About

Xavier Cortada, “Memory Box Monument: Miami Beach (rendering),” 2022.

The Memory Box is a place for mourners to remember and honor loved ones who lost their lives due to COVID-19. It is a repository of deeply personal feelings and emotions. Mourners conceptually enter the Memory Box by imagining an 8-foot by 8-foot square on the floor and stepping inside. They proceed to speak the name of the person they lost and the words they would have said to them if they had been able to be by their bedside. Participants are invited to share these sentiments online, each a contribution to a growing virtual memorial. In this way, the Memory Box captures the sorrow of those who died alone with no one to speak for them, with only the sound a respirator and the kind, gloved touch of a nurse or doctor. They must not be forgotten.

Hundreds of physical Memory Boxes, black cubes 8 feet high by 8 feet long by 8 feet deep, will also be placed in public and private spaces throughout the country. People will be able to walk up to the Box and scan a QR code to access all previously contributed memories and share their own. COVID-19 covered the entire country, every state and county, urban and rural. It struck people from every walk of life. The ubiquity of the Boxes reflects the ubiquity of the virus.

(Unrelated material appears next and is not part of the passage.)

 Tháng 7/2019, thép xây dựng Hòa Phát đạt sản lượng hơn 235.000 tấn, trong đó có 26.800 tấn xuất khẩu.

The individual narratives and photos compiled become a collection of remembrances, a million souls gathered inside the Box in a virtual mausoleum. Anonymous and personal suspended in a realm of energy and eternity.

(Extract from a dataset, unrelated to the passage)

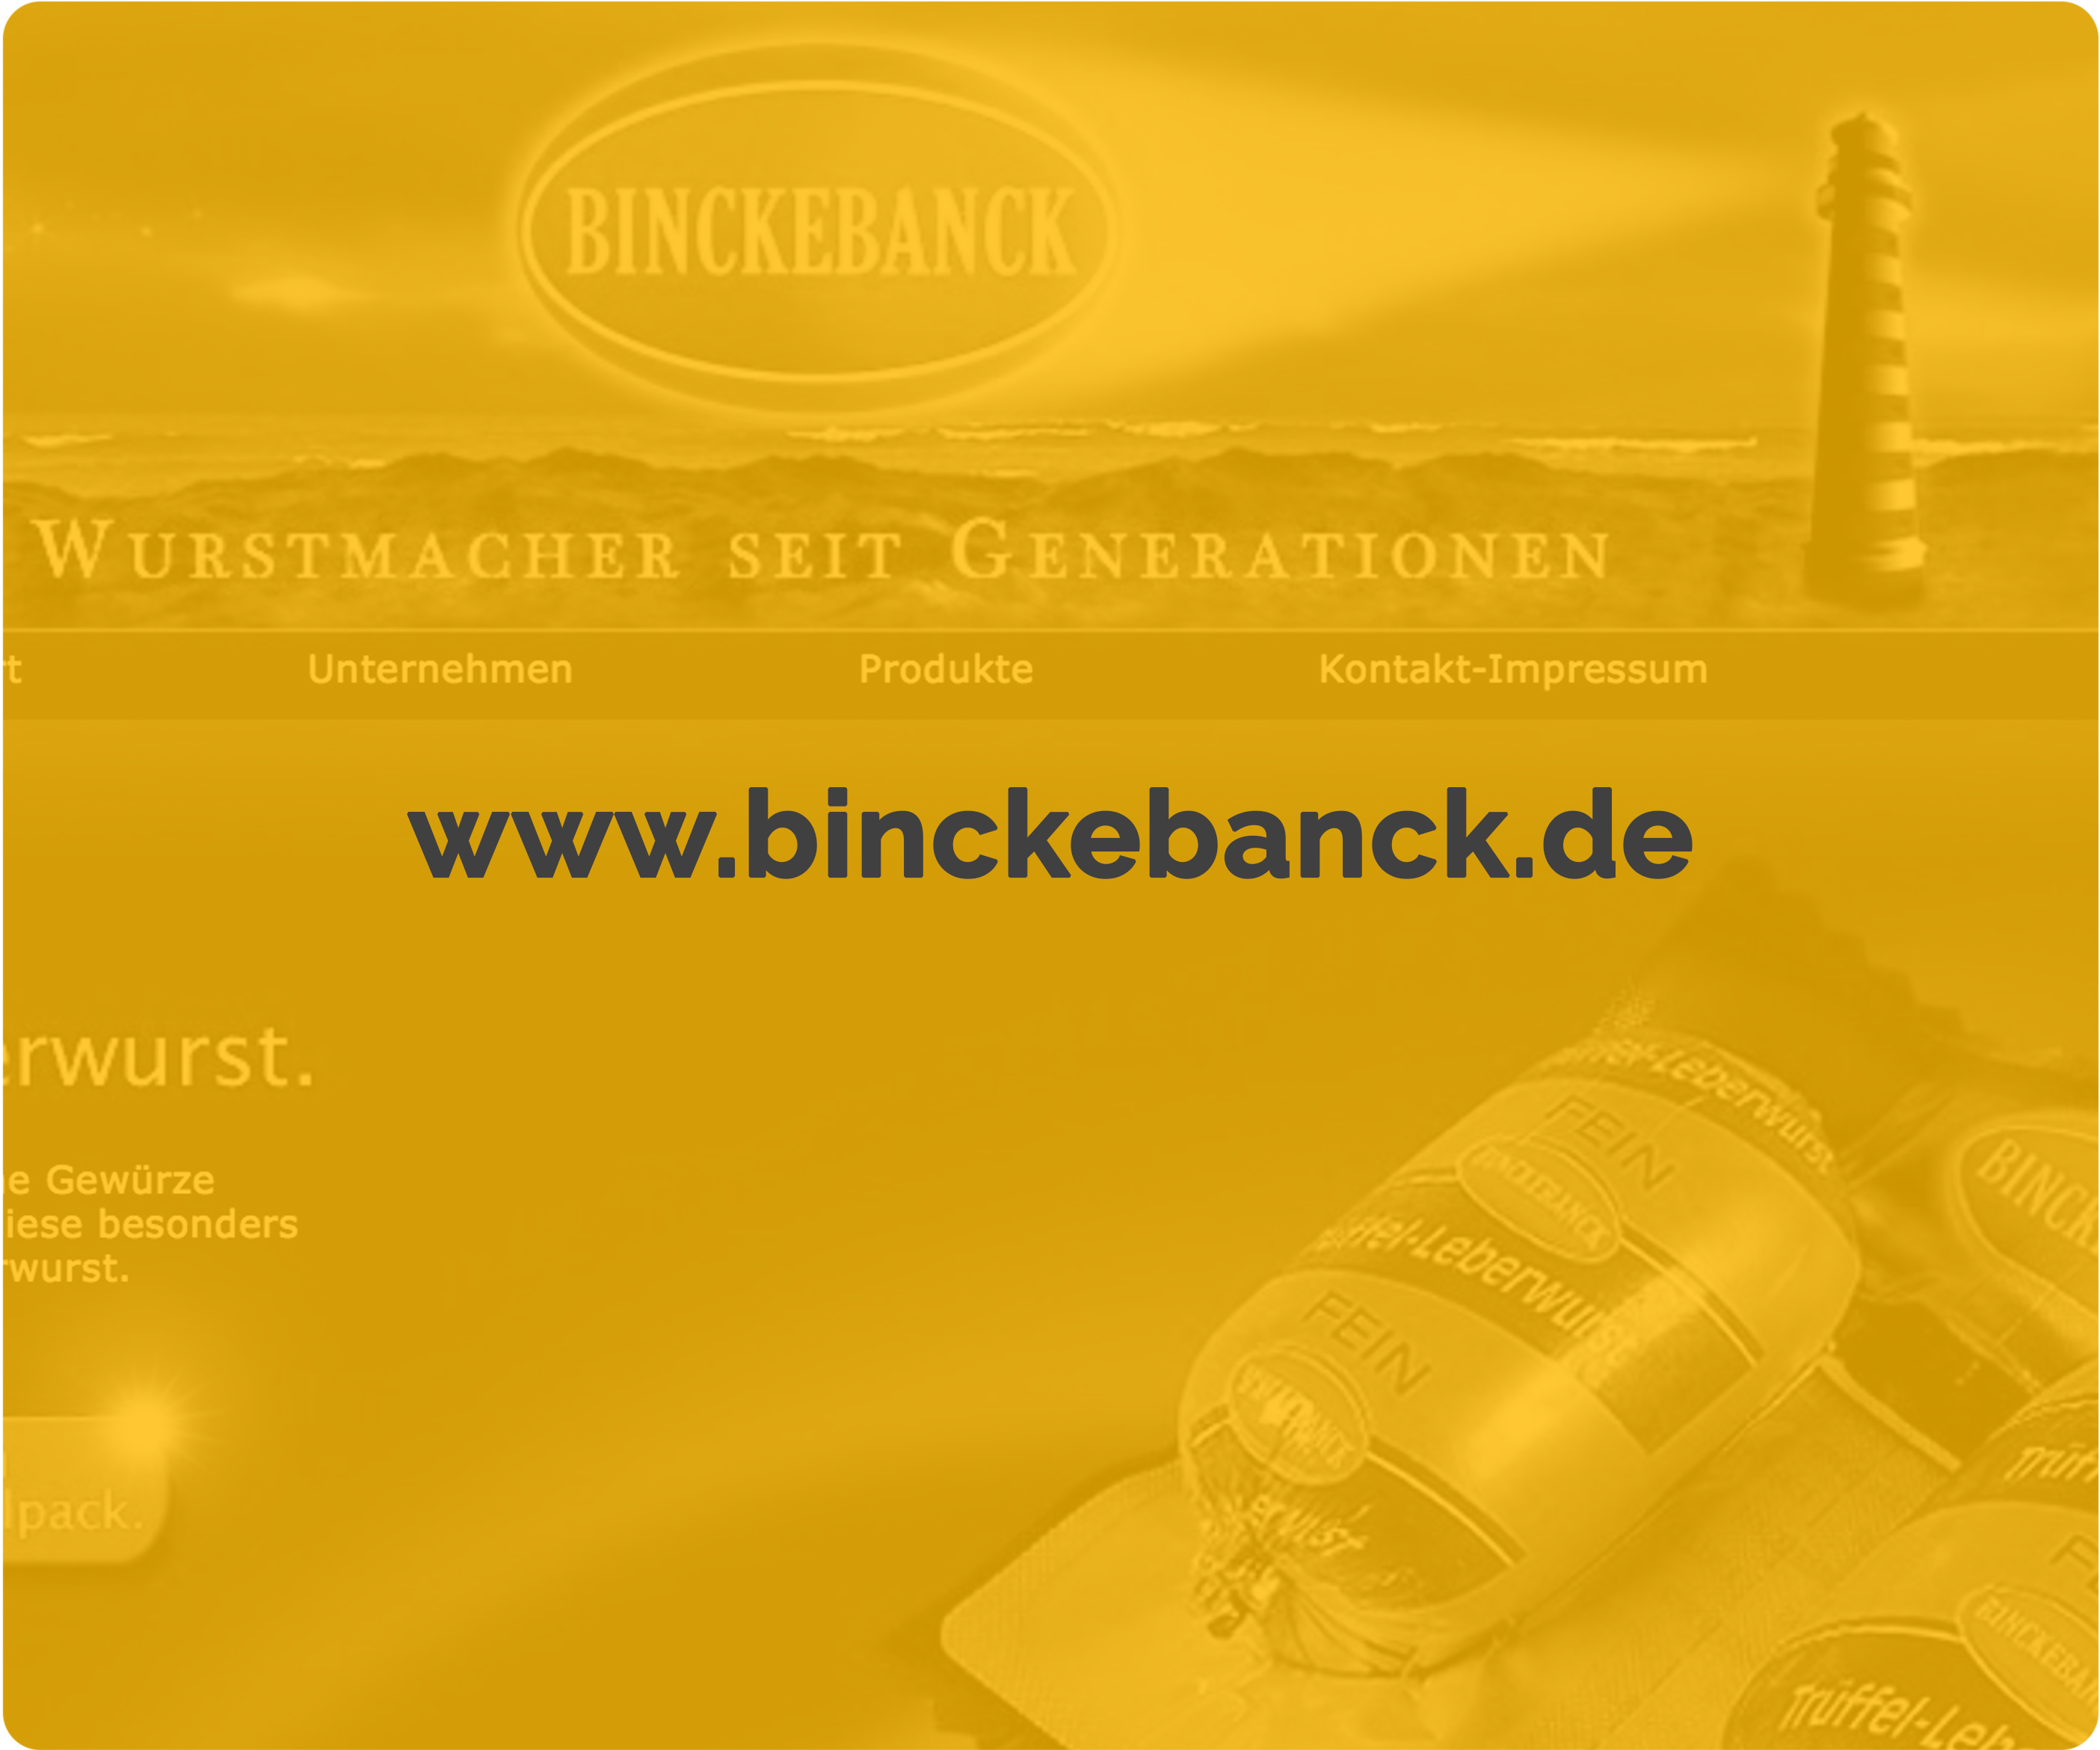 Beispielbild: www.binckebanck.de

Yet the virus came to be defined as much by politics as by science. It became a litmus test of ideological purity and there were cases of people on their death bed denying the existence of the virus to the very end.

All who died, died human, consumed by disease. All humans deserve to live lives of dignity and to die the same way. Their memories are honored by the presence of a testimony, the pronouncement of unspoken words on the quiet, slick surface of the cube. All are there.

Death in America during our first pandemic of the 21st century.

It is not over. There is room for many more stories in the Memory Box.